Introduction to Statistics

MRC London Institute of Medical Sciences (http://bioinformatics.lms.mrc.ac.uk)
April 2022

Outline

  • Introduction to probability theory

    1. Discrete and continuous probability
    2. Discrete probability - Binomial and Poisson distribution
    3. Continuous probability - Gaussian distribution
    4. Momenta of a distribution (mean, variance, skewness, kurtosis)
  • Hypothesis testing

    1. General approach: null and alternative hypothesis
    2. Statistical tests (\( \chi^{2} \)-test, t-test, Wald test)
    3. Adjusted p-values
    4. Power calculations
  • Linear models

    1. What is a linear model
    2. Fitting a linear model
    3. Data visualization
    4. Generalized linear models

Materials

All prerequisites, links to material and slides for this course can be found on github.

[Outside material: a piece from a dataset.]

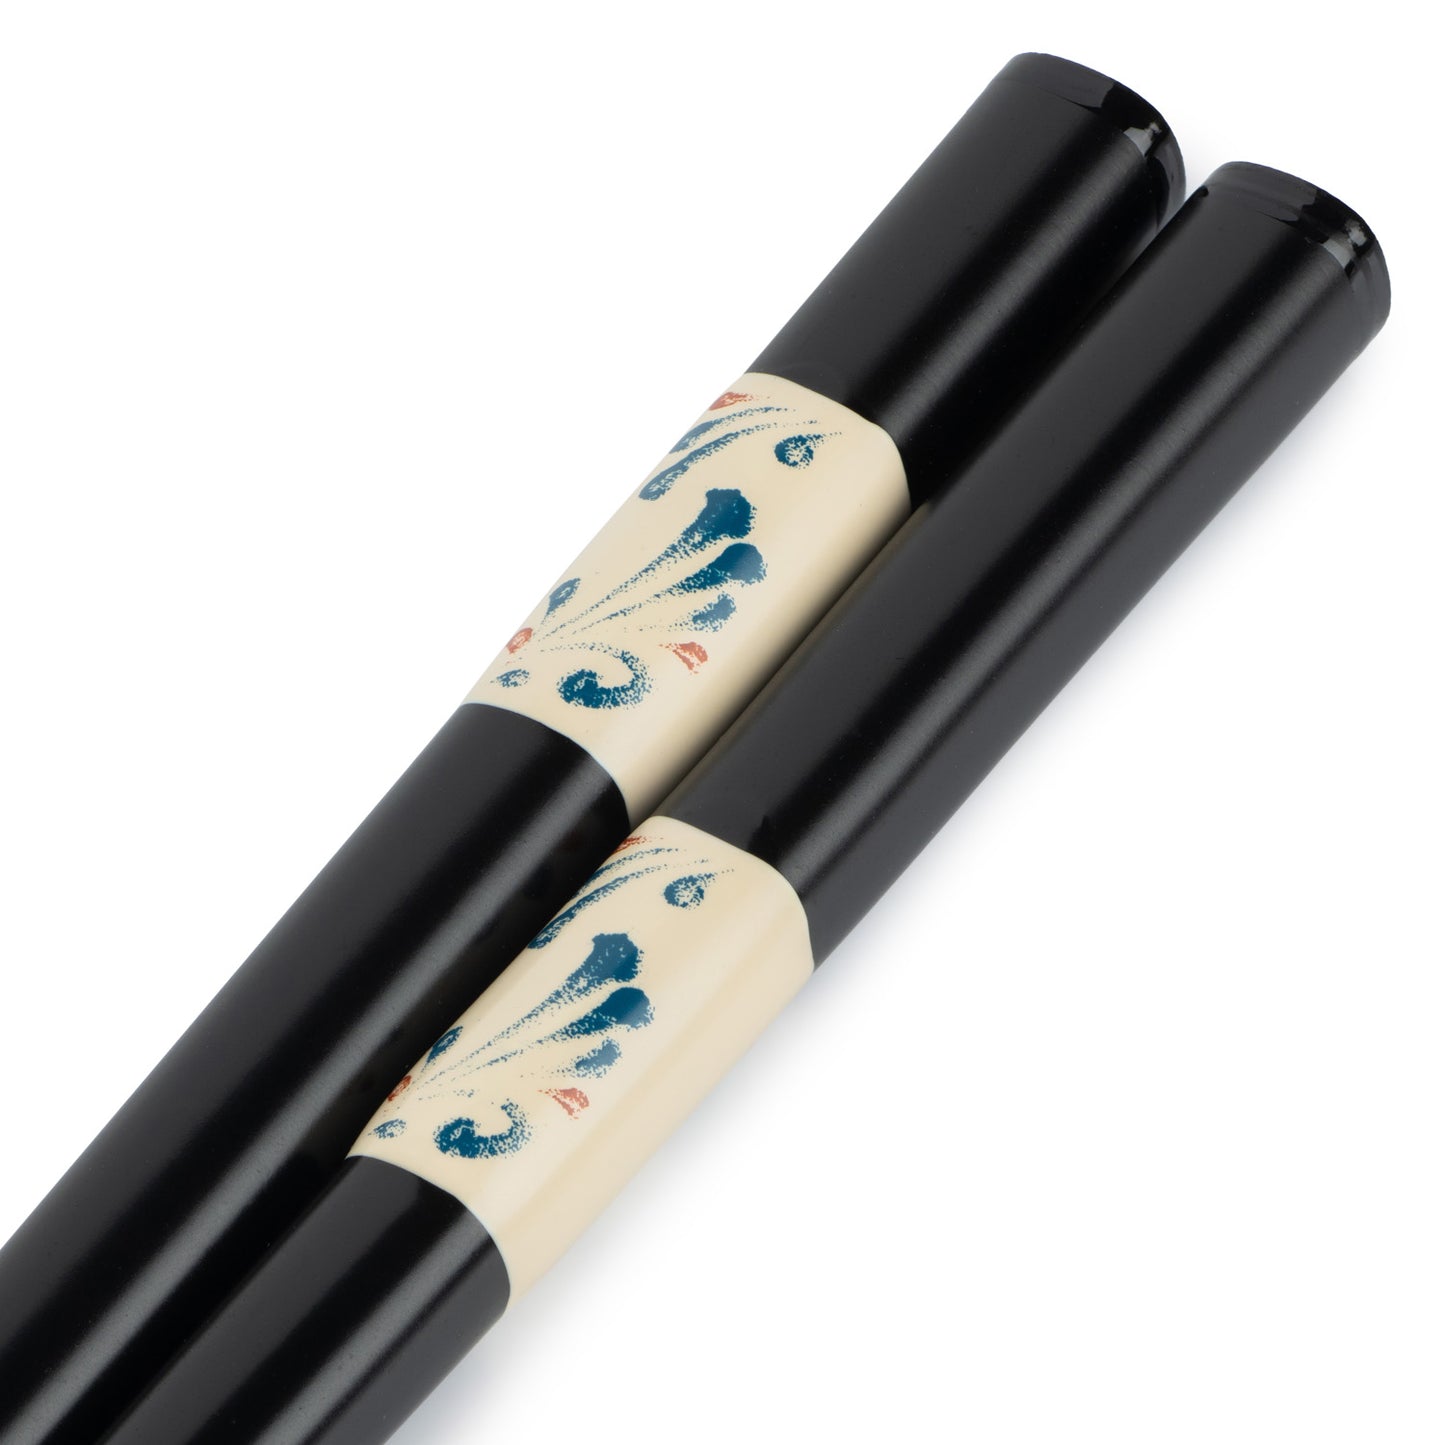 Karakusa Black Japanese Wooden Chopsticks handle

Or can be downloaded as a zip archive from here.

Course on statistics and experimental design

  • Lazic, S. (2016). Experimental Design for Laboratory Biologists

Before we start...

  • Activate the R script source panel
path

Set working directory

  • Before running any of the code, set the working directory to the folder we unarchived

  • Navigate to the LMS_RNASeq/course folder in the Rstudio menu

Session -> Set Working Directory -> Choose Directory

path

Set working directory - from terminal

Use getwd() to see where your current directory is

# Set working directory
# setwd("/Volumes/bioinfomatics$/jurtasun/Courses/CBW2022/LMS_StatisticsInR/course")

# Working with Mac
# setwd("~/Downloads/LMS_Statistics/course")

# Working with Windows
# setwd("~\\Downloads\\LMS_Statistics\\course")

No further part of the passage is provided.